= Clem DeRosa =

American jazz musician

Clem DeRosa (né Clement Richard De Rosa; May 20, 1925 – December 20, 2011, in Texas) was an American jazz drummer, composer, arranger, band leader, and influential music educator.

== Career highlights ==
Before World War II, DeRosa performed in the New York City area. He was drafted in the U.S. Army and performed with Glenn Miller Air Corps band. After being discharged, he worked as a professional drummer in 1950s, performing with Charles Mingus (Jazzical Moods, 1954), Marian McPartland, Teo Macero, Teddy Wilson, Thad Jones, Ben Webster, Clark Terry, Phil Woods, Coleman Hawkins, Dennis Sandole, Wally Cirillo (1927–1977), John LaPorta (Conceptions, 1957), Kenyon Hopkins, and Bobby Hackett.
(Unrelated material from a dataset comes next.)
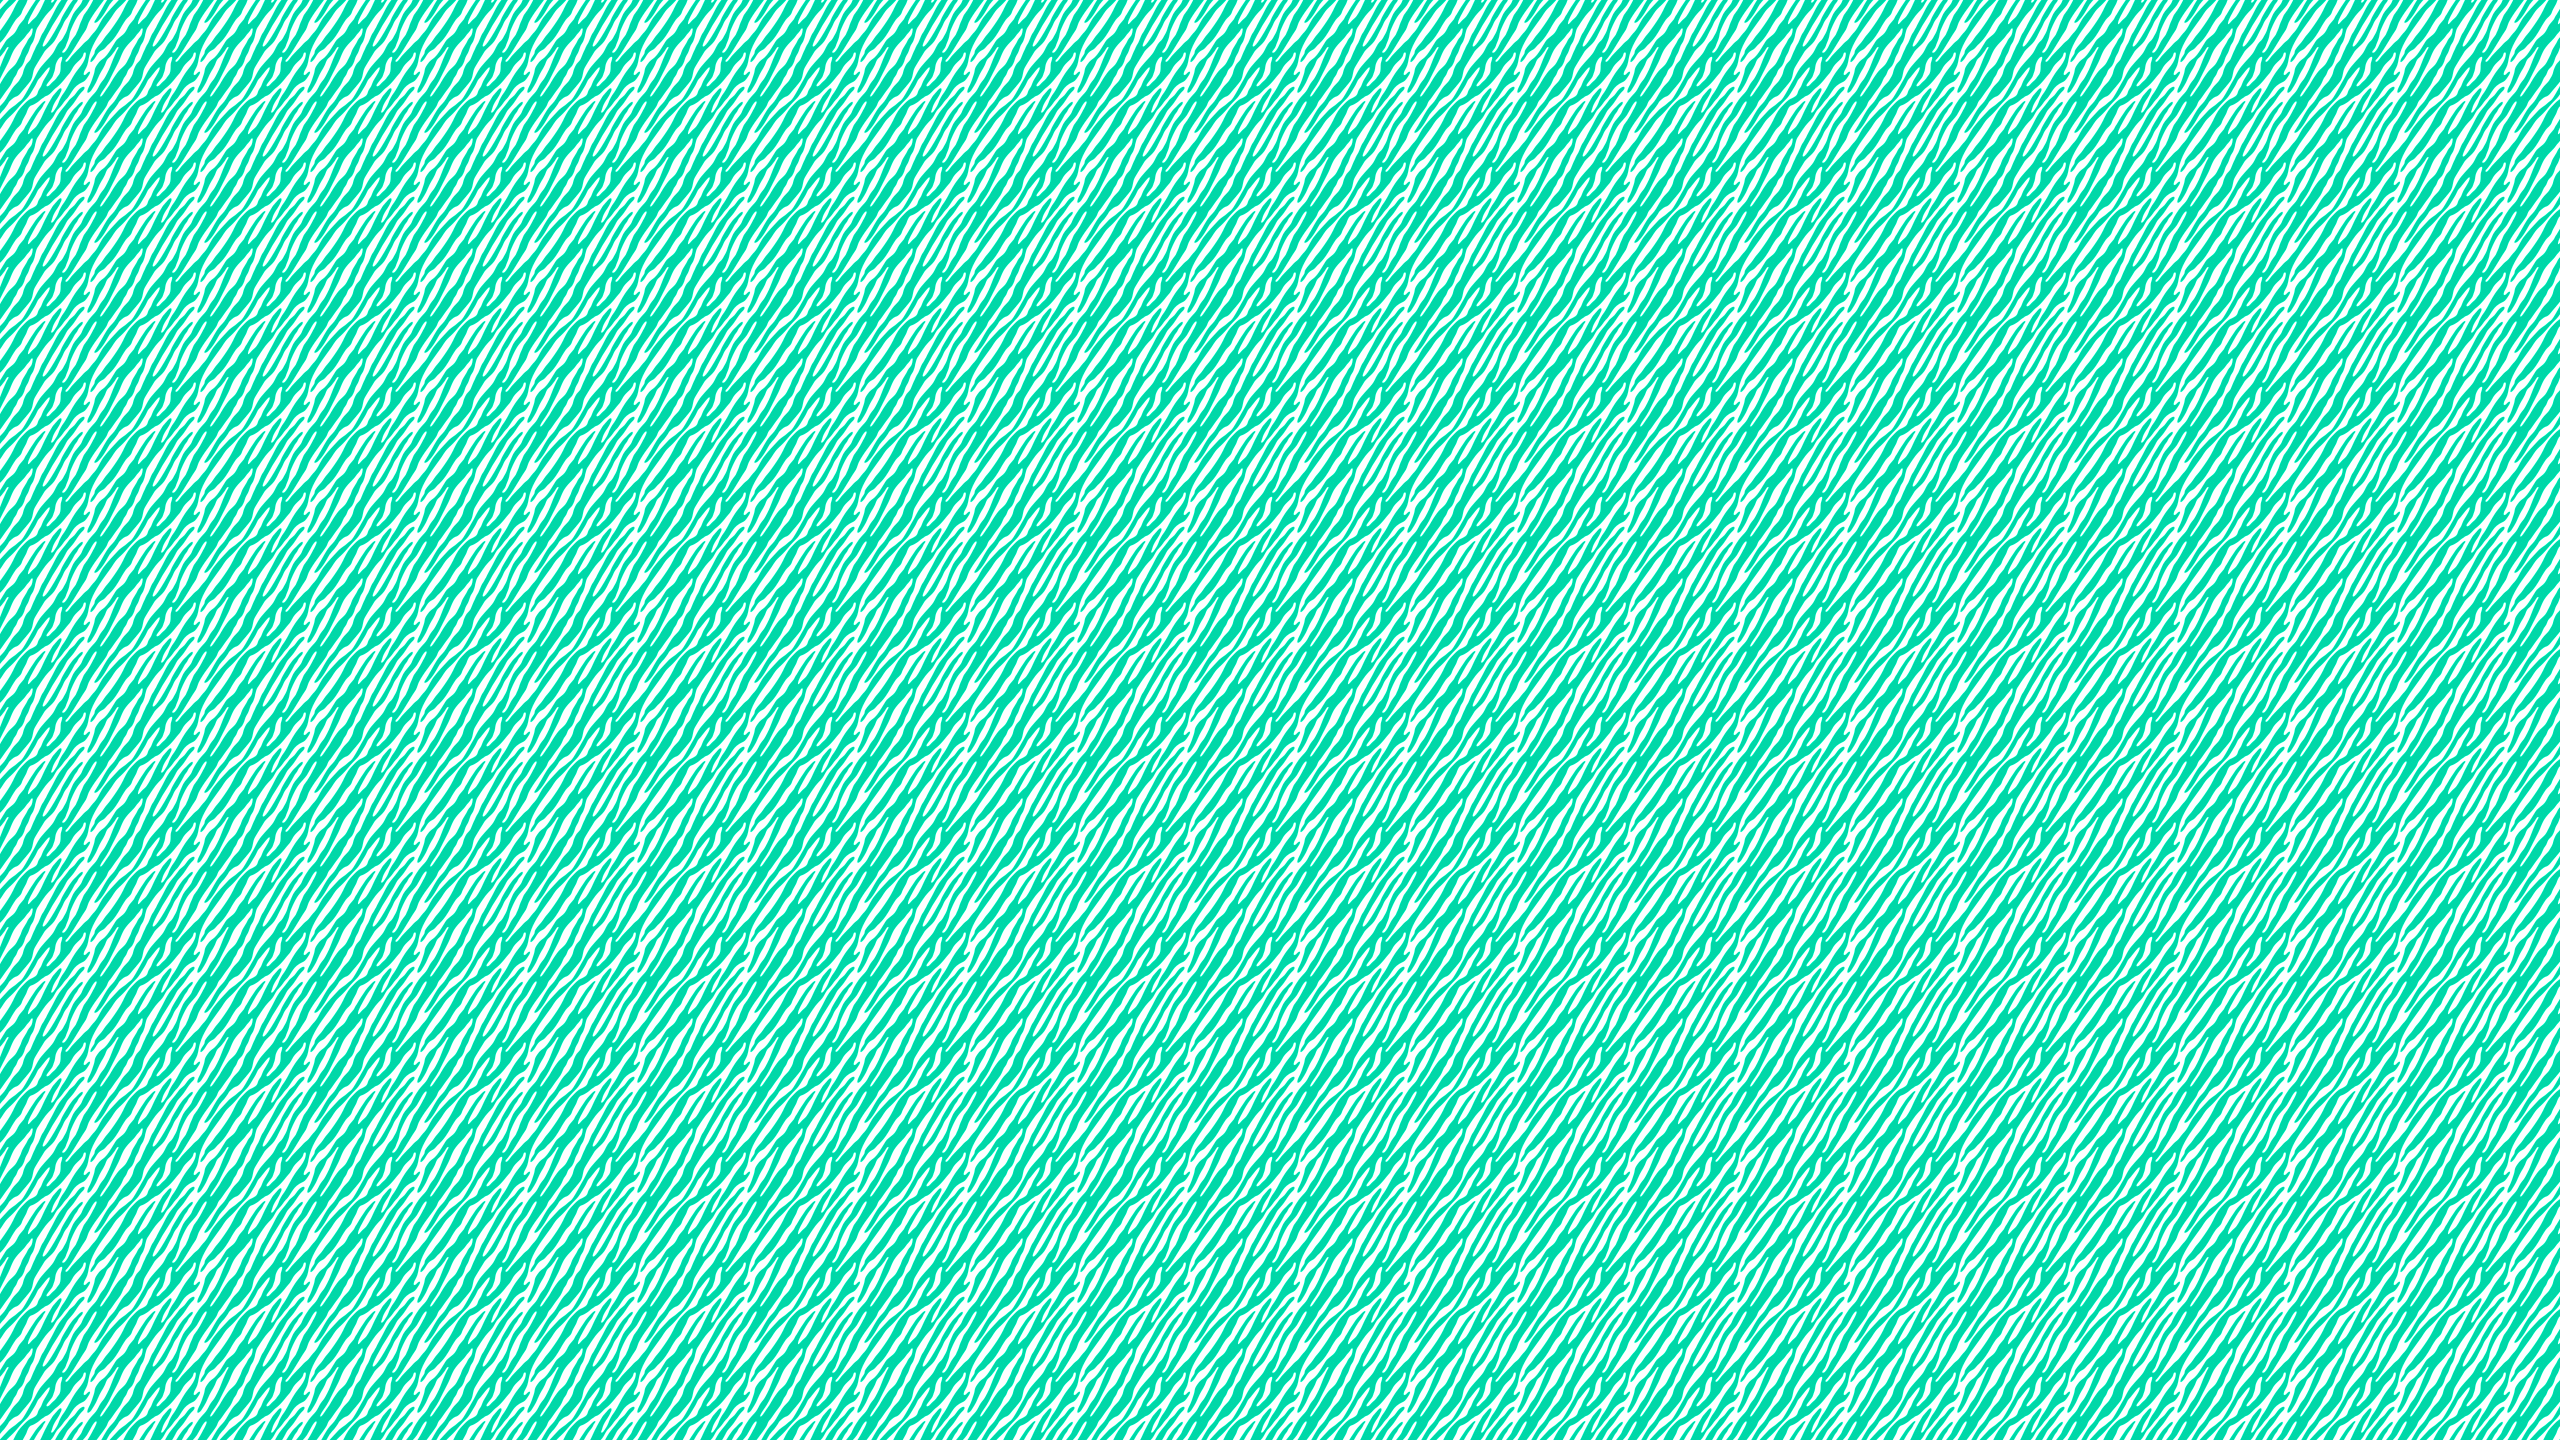 This Teal Zebra Desktop Wallpaper Is Easy Just Save The

He studied composition at Juilliard. DeRosa earned a Master of Music degree in orchestral conducting from the Manhattan School of Music.

He went on to teach music. In the 1960s, DeRosa was influential in formalizing jazz music education. DeRosa was co-founder and chairman of the National Association of Jazz Educators, the forerunner of the International Association for Jazz Education (IAJE). Through the NAJE, DeRosa taught with the Stan Kenton Clinics where he collaborated with Kenton and other jazz education pioneers, including Gene Hall, and Leon Breeden. He taught at the Teachers College, Columbia University. His student ensembles performed on the television shows of Johnny Carson and Merv Griffin. DeRosa received an honorary doctorate from the Five Towns College in 1990 and was inducted into the IAJE Hall of Fame.

During the 1960s, DeRosa's high school jazz band performed in Hecksher Park, Huntington, N.Y. with leading jazz musicians, including Angelo DiPippo, Zoot Sims, Ruth Brown, Marian McPartland, Eddie Daniels, Bobby Rosengarden, Billy Taylor, Jimmy Nottingham, Clark Terry, Jimmy Rushing, and many others. The band also performed at Leonard Bernstein's home in Fairfield Connecticut along with Dizzy Gillespie; at Yankee Stadium for the University of Oklahoma in a nationally televised football game against West Point; and at half time at Buffalo in a nationally televised AFL game between the Buffalo Bills and the N.Y. Titans.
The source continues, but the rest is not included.